Caroga Lake is an unincorporated community and census-designated place (CDP) in the town of Caroga, Fulton County, New York, United States. As of the 2020 census, Caroga Lake had a population of 548. The hamlet is in the southern part of the town of Caroga and is northwest of Gloversville. Two lakes, West Caroga Lake and East Caroga Lake are located next to the hamlet.
==Geography==
The community of Caroga Lake is situated in northern Fulton County in the southern Adirondack Mountains, centered on a peninsula between West Caroga Lake to the west and East Caroga Lake to the south. The CDP area includes both of the lakes and the developed land surrounding the lakes. According to the United States Census Bureau, the CDP has a total area of 8.7 km2, of which 6.5 km2 is land and 2.3 km2, or 25.89%, is water.

New York State Routes 10 and 29A intersect at the center of the community. NY 10 leads north 24 mi to Piseco Lake and south 19 mi to Canajoharie on the Mohawk River, while NY 29A leads southeast 10 mi to Gloversville. NY 29A follows NY 10 to the northwest out of town, then turns west towards Stratford, 14 mi from Caroga Lake.

==Demographics==

Historical population
| Census | Pop. | Note | %± |
| 2020 | 548 |  | — |
U.S. Decennial Census

==Recreational Opportunities==
Caroga Lake CDP area was home to Sherman's Restaurant and Amusement Park from 1921 until the early 1970s. Sherman's is now owned by Caroga Arts Collective.

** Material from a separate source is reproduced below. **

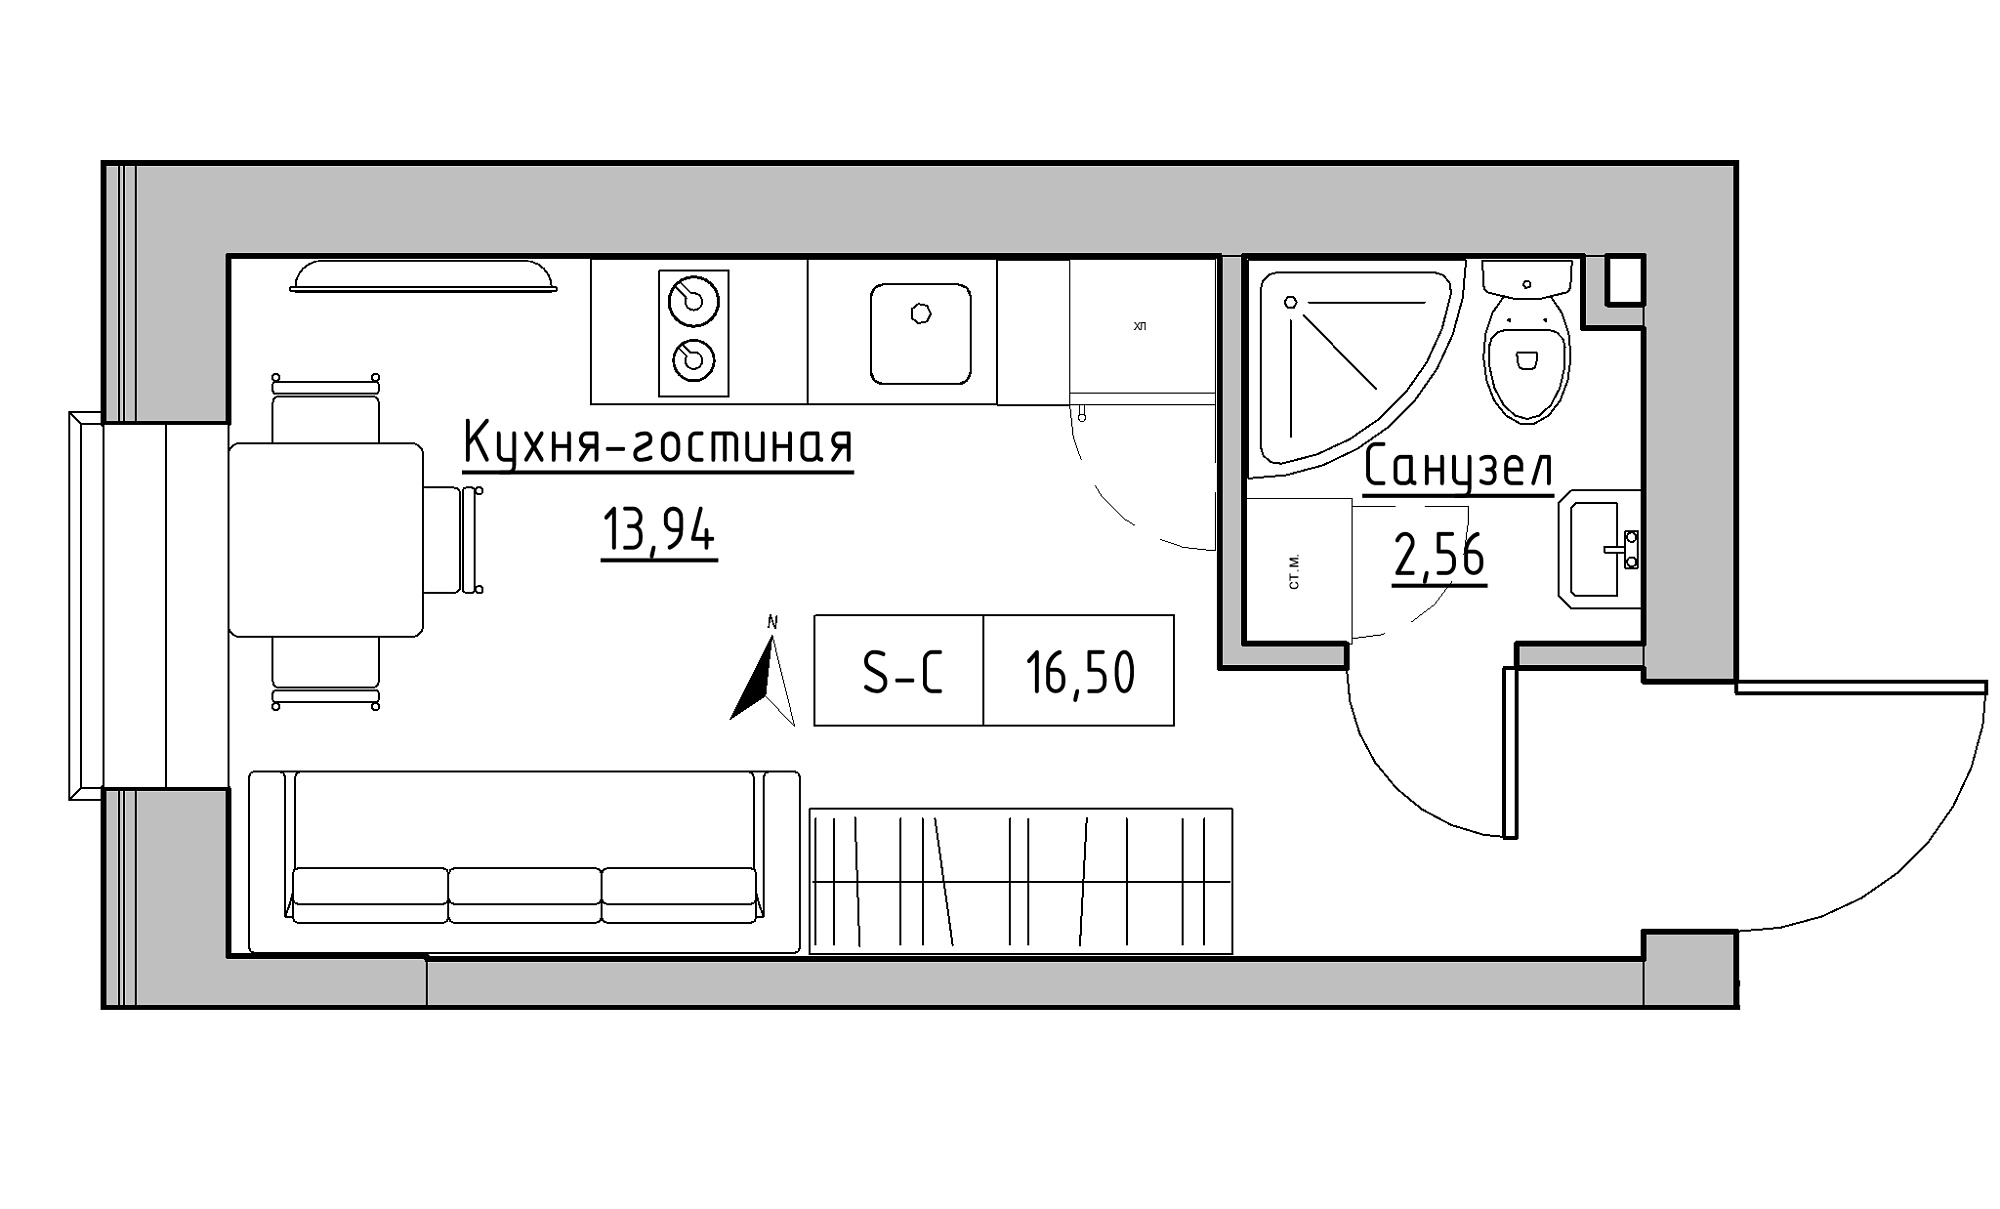 Планування Smart-квартира площею 16.5м2, KS-016-02/0011.

Caroga Arts Collective presents over fifty performances and community events featuring world-class artists from various styles of arts and entertainment in the Southern Adirondacks throughout the year. A 501(c)(3) not-for-profit, Caroga Arts presents the Caroga Lake Music Festival, the String Project & Arts Collaborative Education (SPACE) Program, Artist Residencies, and other projects.

The Caroga Historical Museum, operated by the Caroga Historical Association, preserves and showcases the history of the Caroga Lake region. Located at 145 London Bridge Road, the museum features multiple historic buildings. Exhibits focus on the area's early leather tanning and lumber industries, as well as a large collection of Sherman's Amusement Park memorabilia. The museum is open seasonally (June through August, Thursday-Sunday, 1-4 PM) and offers educational programs and events. Admission is free with donations gratefully accepted.

There is a New York State Campground located on the shore of East Caroga Lake that features 105 campsites, a picnic area, sandy beach, trailer dump station, bathhouse, hot showers and toilets.